§ **WORK TO BE COMPLETED**
Retype, without pictures, the line holding "韓版圍裙,井式圍裙,工作圍裙" and each line below it through the final line.

§ **DATA SEGMENT**
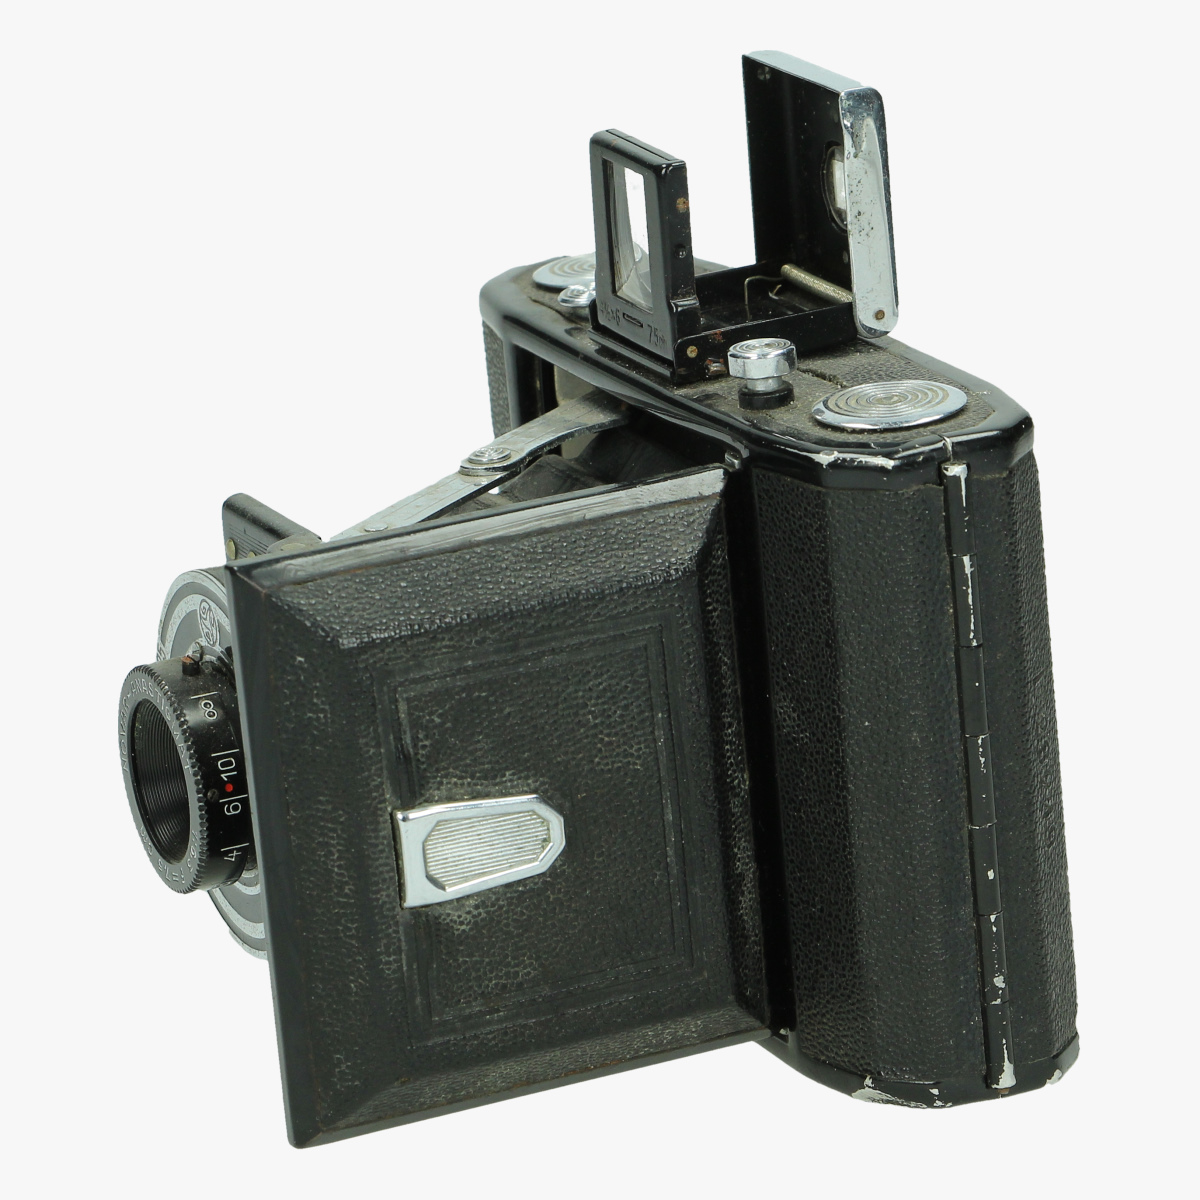 Afbeeldingen van fotocamera zeiss ikon derval
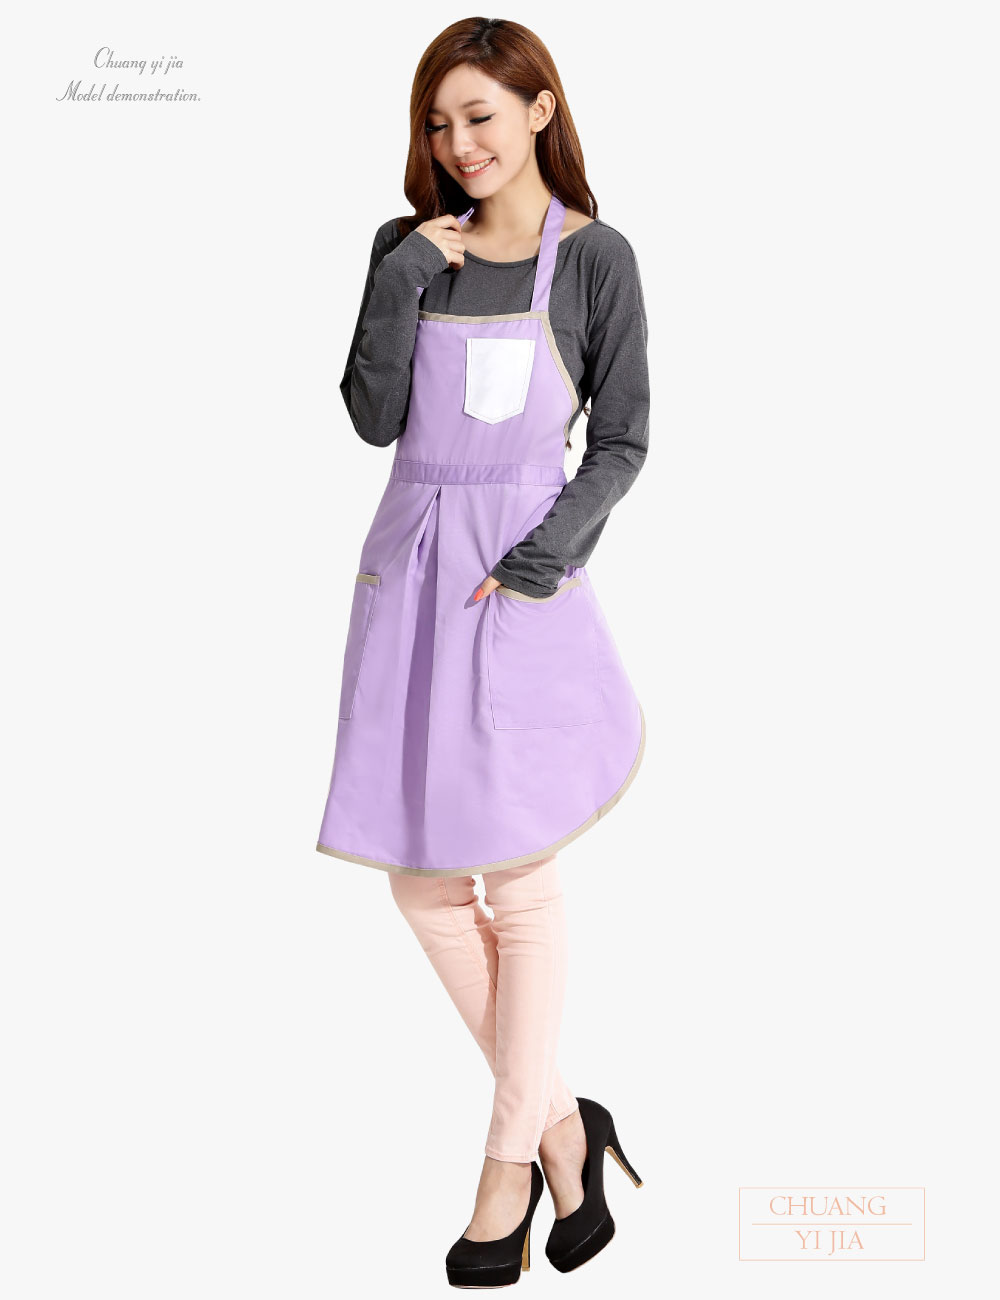 韓版圍裙,井式圍裙,工作圍裙,專業圍裙,廚師圍裙,烘培圍裙,園藝圍裙,防髒圍裙,日式圍裙,半截圍裙,圍裙訂製,職人日式圍裙圍
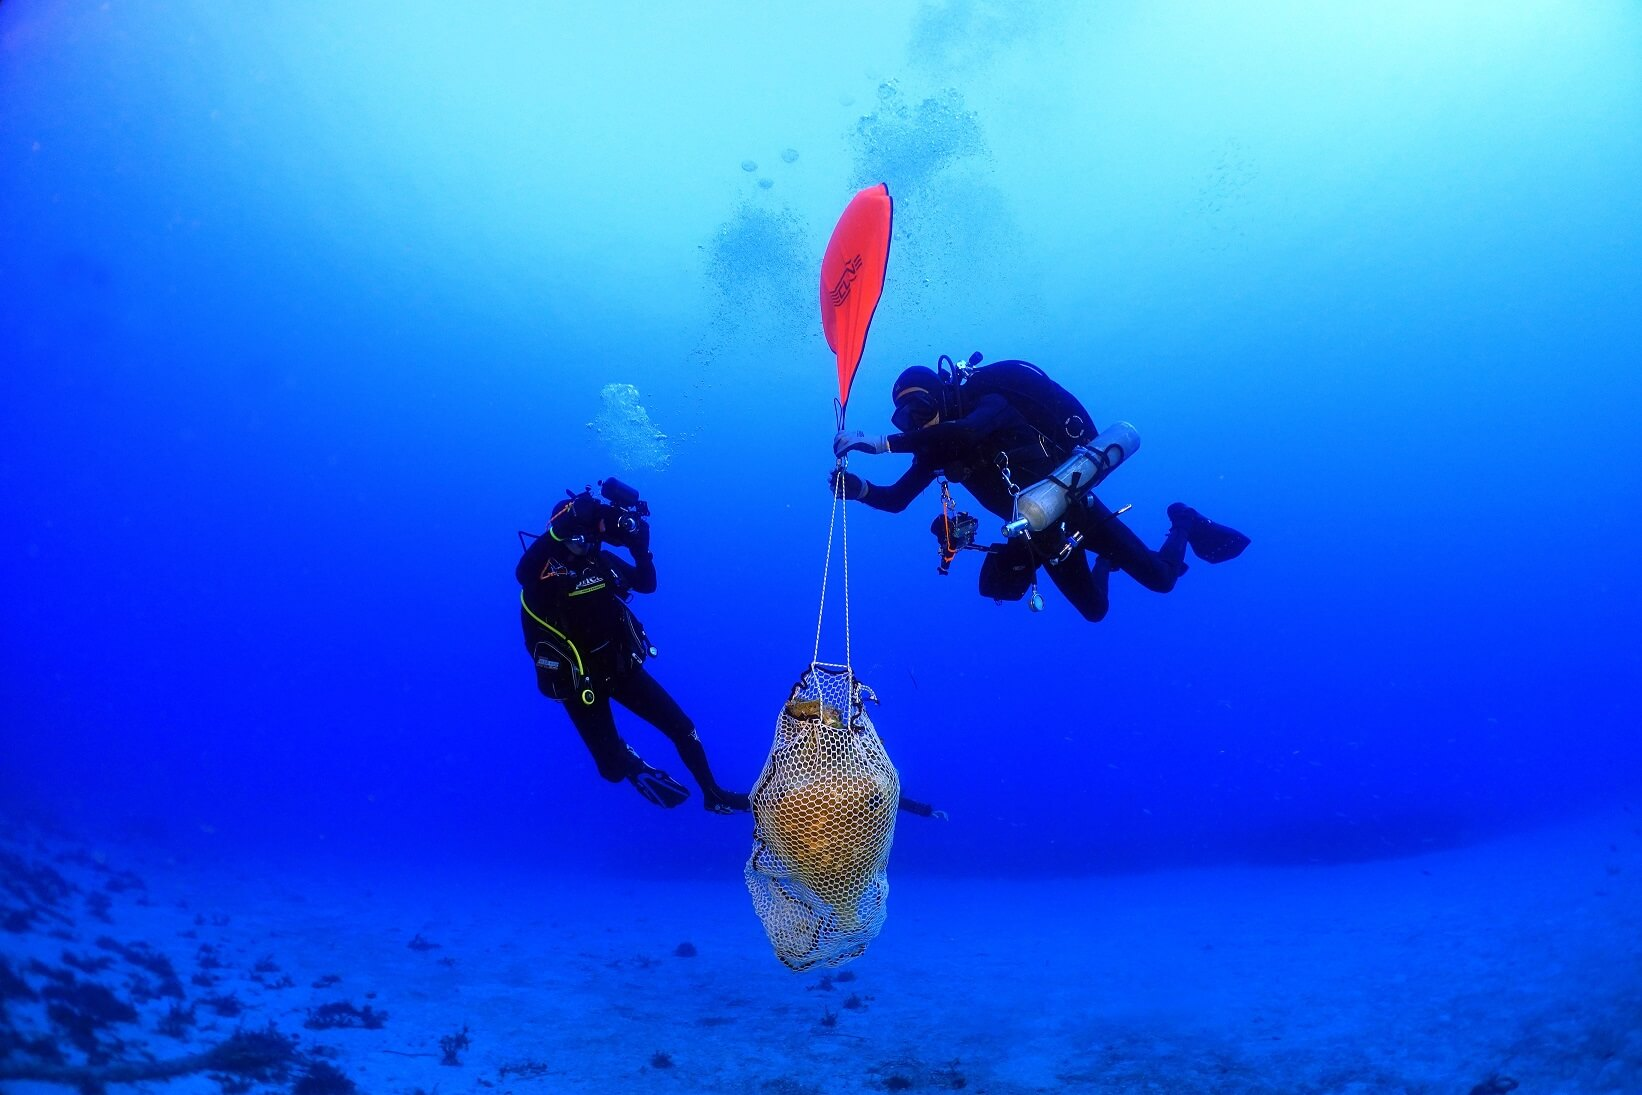 Εντυπωσιακά ευρήματα από την Ενάλια Αρχαιολογική Έρευνα Κάσου 2020

§ **RESULT FOR THIS TASK**
 韓版圍裙,井式圍裙,工作圍裙,專業圍裙,廚師圍裙,烘培圍裙,園藝圍裙,防髒圍裙,日式圍裙,半截圍裙,圍裙訂製,職人日式圍裙圍
 Εντυπωσιακά ευρήματα από την Ενάλια Αρχαιολογική Έρευνα Κάσου 2020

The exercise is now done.